A Coinbase, uma das principais corretoras de criptomoedas dos EUA, tem uma moção pendente no Tribunal Distrital de Washington, D.C., para restabelecer seu processo judicial com base na Lei de Liberdade de Informação contra a agência governamental Federal Deposit Insurance Corporation (FDIC)
A bolsa de valores afirma que a FDIC ainda está retendo alguns documentos importantes e não está cooperando plenamente com os pedidos de informação.
O processo busca obrigar o FDIC a entregar os registros de suas conversas com os bancos relacionadas a ações com criptomoedas, incluindo as "cartas de suspensão" emitidas aos bancos instruindo-os a interromper a prestação de serviços com criptomoedas.
A Coinbase busca intervenção judicial devido à dificuldade de cooperação com o FDIC na disputa da Operação Choke Point 2.0
A Coinbase está envolvida em uma batalha judicial de meses com o FDIC. A empresa vem processando o FDIC há meses por conta da Operação Choke Point 2.0 e obteve resultados impressionantes. Apesar disso, a Coinbase está pedindo ao Tribunal Distrital de Washington, D.C., que retome o processo contra o órgão regulador.
A ação judicial foi inicialmente suspensa em fevereiro de 2025, após odent Trump nomear Travis Hill como presidente interino do FDIC. Hill prometeu aumentar a transparência da agência além das exigências da Lei de Liberdade de Informação (FOIA), aumentando as esperanças de que a questão pudesse ser resolvida fora dos tribunais.
Ainda assim, o diretor jurídico da Coinbase, Paul Grewal, afirma que persiste a insatisfação com a transparência do FDIC. Ele reconhece que a cooperação melhorou sob a nova liderança, mas considera que ainda não é suficiente.
“Estamos pedindo ao Tribunal que retome nosso processo porque, infelizmente, o FDIC parou de compartilhar informações. Embora tivéssemos adorado resolver isso fora do sistema judicial – e apreciamos a maior cooperação que vimos da nova liderança do FDIC – ainda temos um longo caminho a percorrer”, afirmou Paul Grewal, Diretor Jurídico da Coinbase.

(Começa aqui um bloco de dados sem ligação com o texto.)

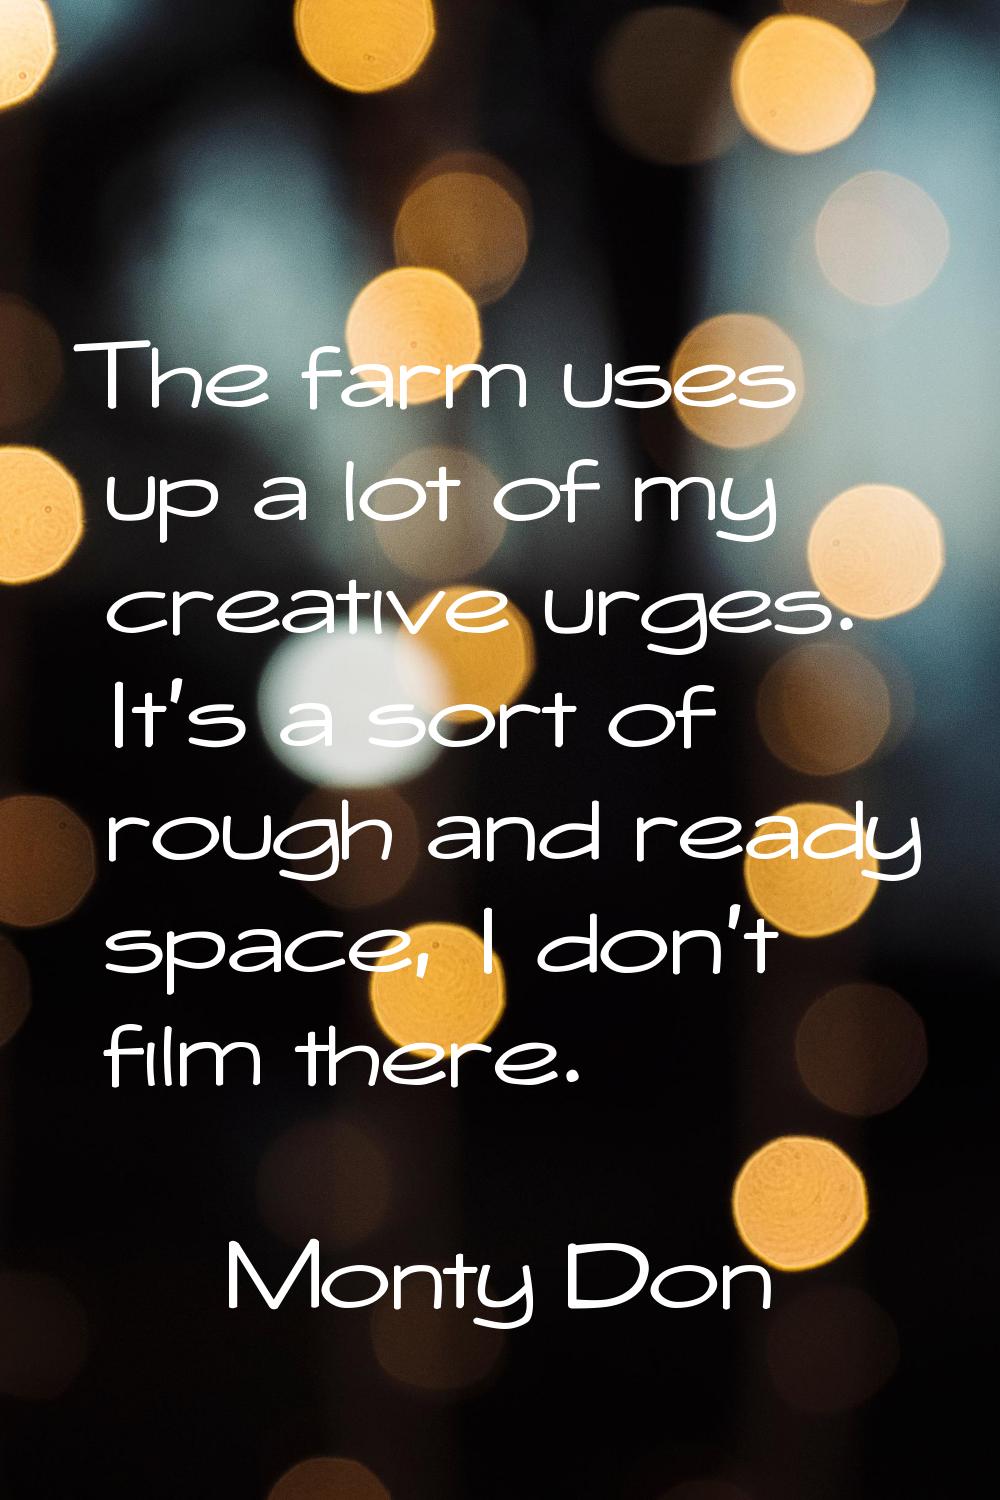 The farm uses up a lot of my creative urges. It's a sort of rough and ready space, I don't film the

Como um importante órgão regulador financeiro dos EUA que supervisiona os bancos, o FDIC desempenhou um papel central na Operação Choke Point 2.0, restringindo as interações dos bancos com empresas de criptomoedas. No entanto, recentemente, iniciou uma mudança favorável às criptomoedas, divulgando documentos relevantes e revogando várias de suas regulamentações contrárias a elas.
Grewal afirma que "apreciou o aumento da cooperação" por parte do FDIC. No entanto, ele observou que a cooperação havia cessado semanas atrás.

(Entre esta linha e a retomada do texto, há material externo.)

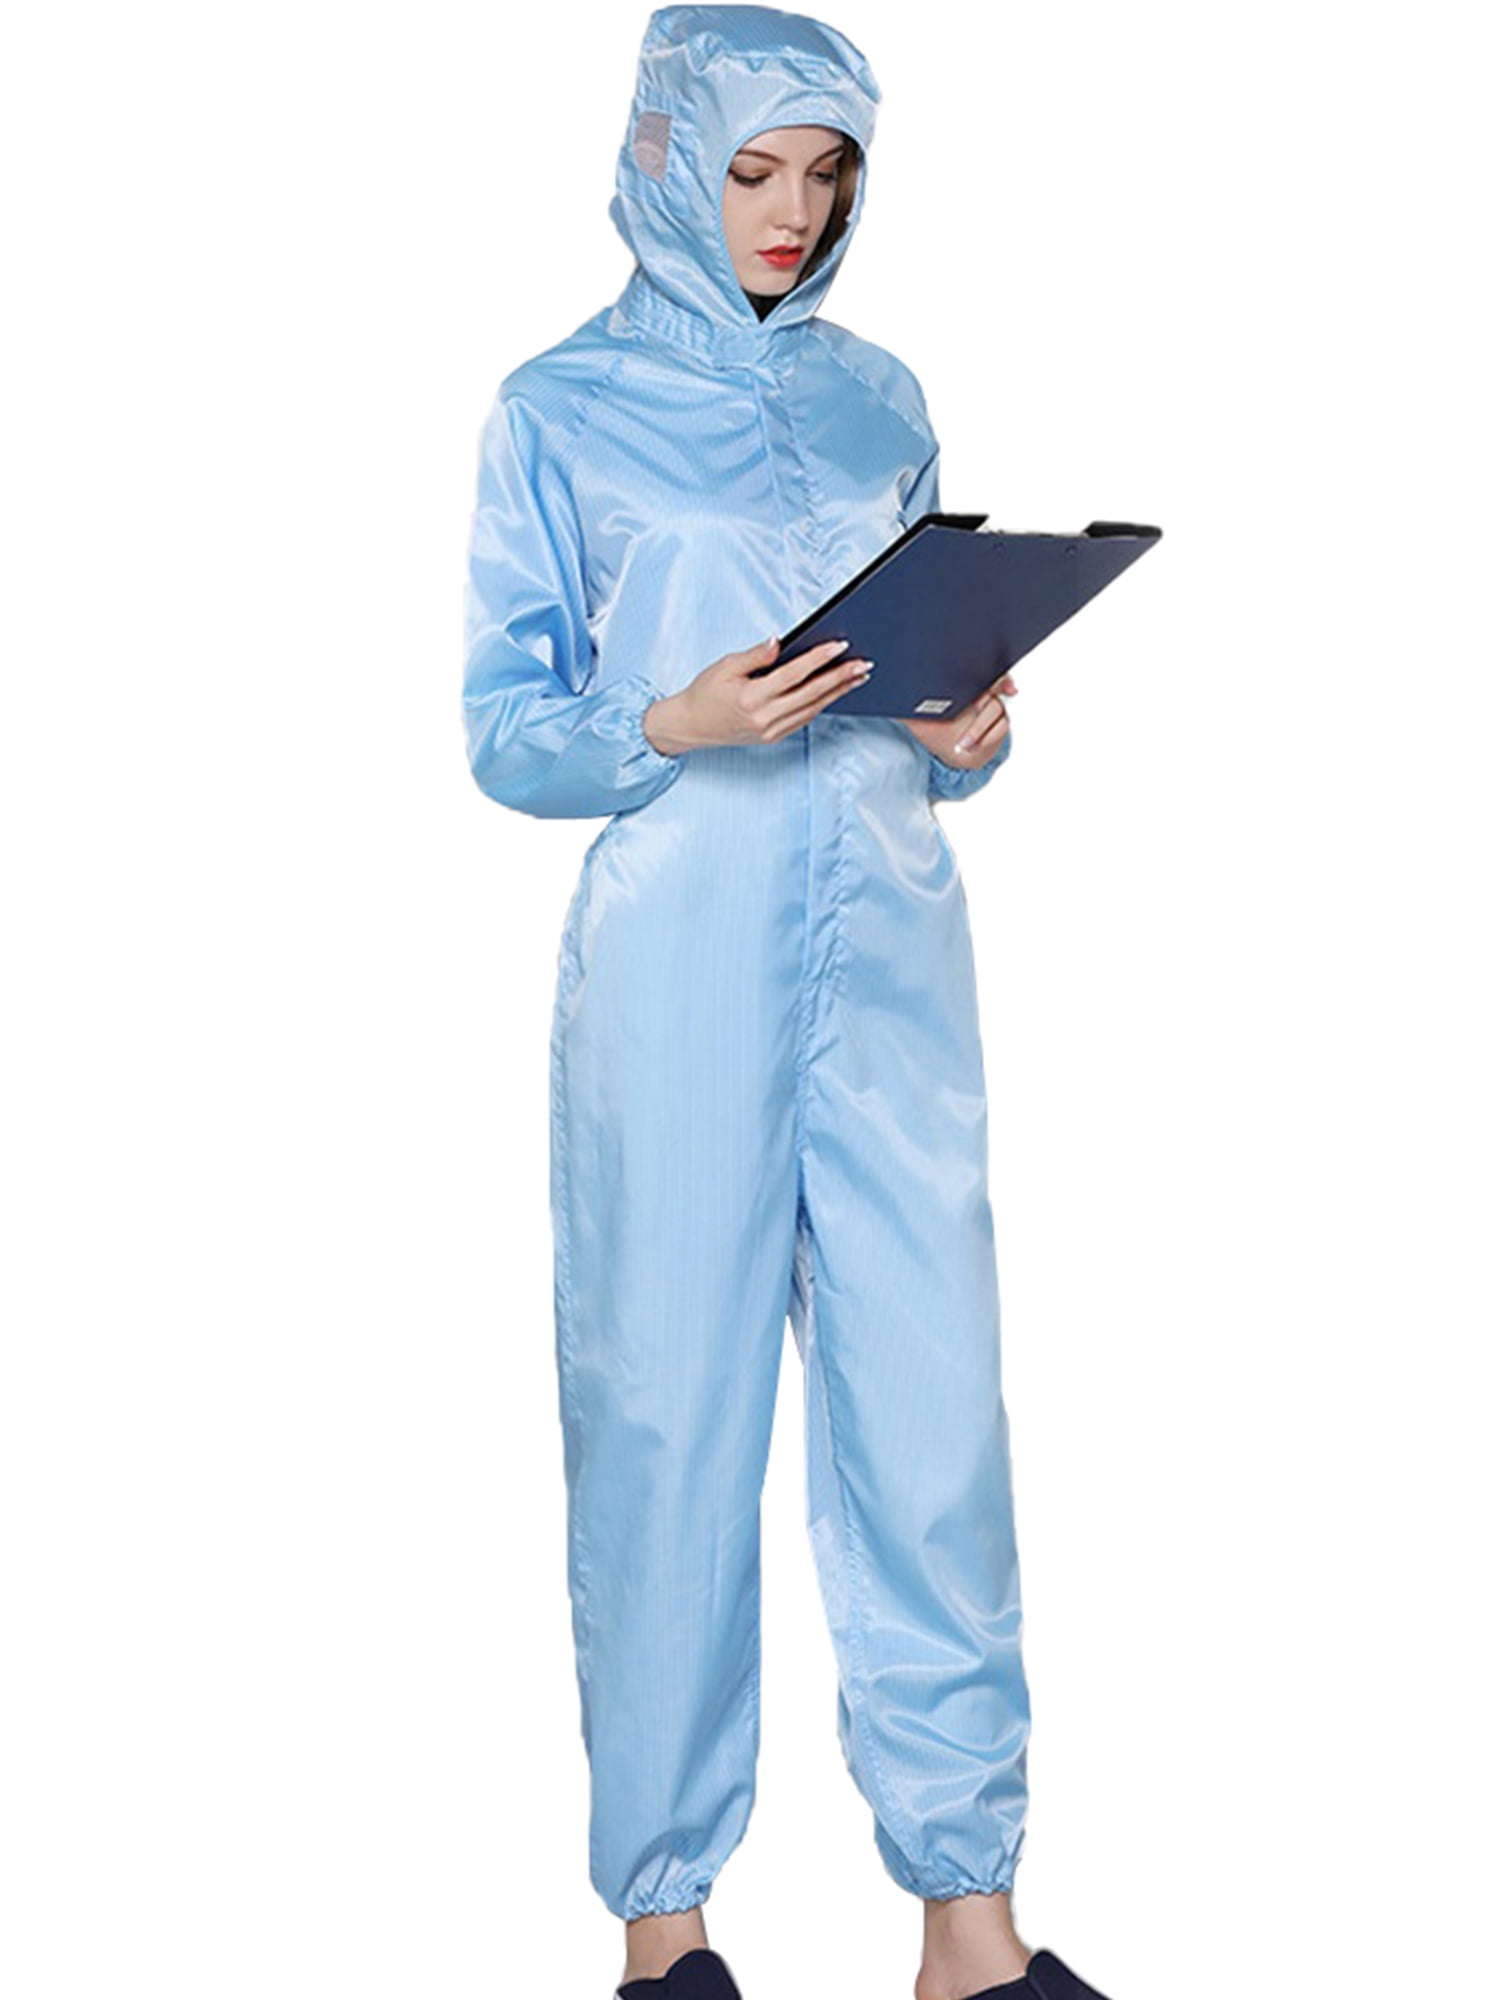 blue, S Protective Coveralls with Hood Reusable Washable Dust-Proof Plus Size Protective Coveralls with Elastic Cuffs for Women Men

De acordo com o documento apresentado , o FDIC não enviou nenhuma informação nova desde o final de fevereiro e alegou, no início de março, que as solicitações subsequentes da corretora eram “irrazoáveis e extrapolavam o escopo da descoberta de provas”.
A FDIC deverá responder à moção da Coinbase dentro de duas semanas.
A Coinbase pressiona por ação judicial, pois o excesso de poder do FDIC pode alterar o futuro da inovação em criptomoedas
A Operação Choke Point 2.0 é o termo usado para uma série de ações supostamente tomadas por certos órgãos reguladores e agências federais, incluindo o FDIC, para limitar o acesso bancário a certos setores de alto risco ou controversos, incluindo empresas de criptomoedas.
Os críticos afirmam que esta é uma manobra sutil para destruir o espaço das criptomoedas, negando às corretoras, exchanges e outros participantes do ecossistema o acesso a serviços bancários tradicionais.
A Coinbase argumenta que as ações tomadas, especialmente por meio de orientações informais e pressão informal sobre os bancos, criaram um ambiente hostil para os negócios de criptomoedas sob a jurisdição do FDIC.
Essas operações resultaram em uma restrição ilegal ao acesso a serviços bancários, o que colocou as empresas de criptografia em uma posição relativamente desvantajosa no cenário financeiro.
Como parte de seus esforços para reabrir o caso, a Coinbase está buscando intervenção judicial para obrigar o FDIC a prestar esclarecimentos e evitar que tais abusos se repitam no futuro. A Coinbase argumenta que tais abusos inibem a inovação no mercado de ativos digitais.
As ações da FDIC, argumentam eles, violam tanto o devido processo legal quanto a Primeira Emenda, já que as empresas de criptomoedas acreditam que não devem ser penalizadas com base no ramo de negócios que escolhem exercer.
Caso a Coinbase consiga retomar o processo judicial, as implicações poderão ser abrangentes tanto para a indústria de criptomoedas quanto para os órgãos reguladores.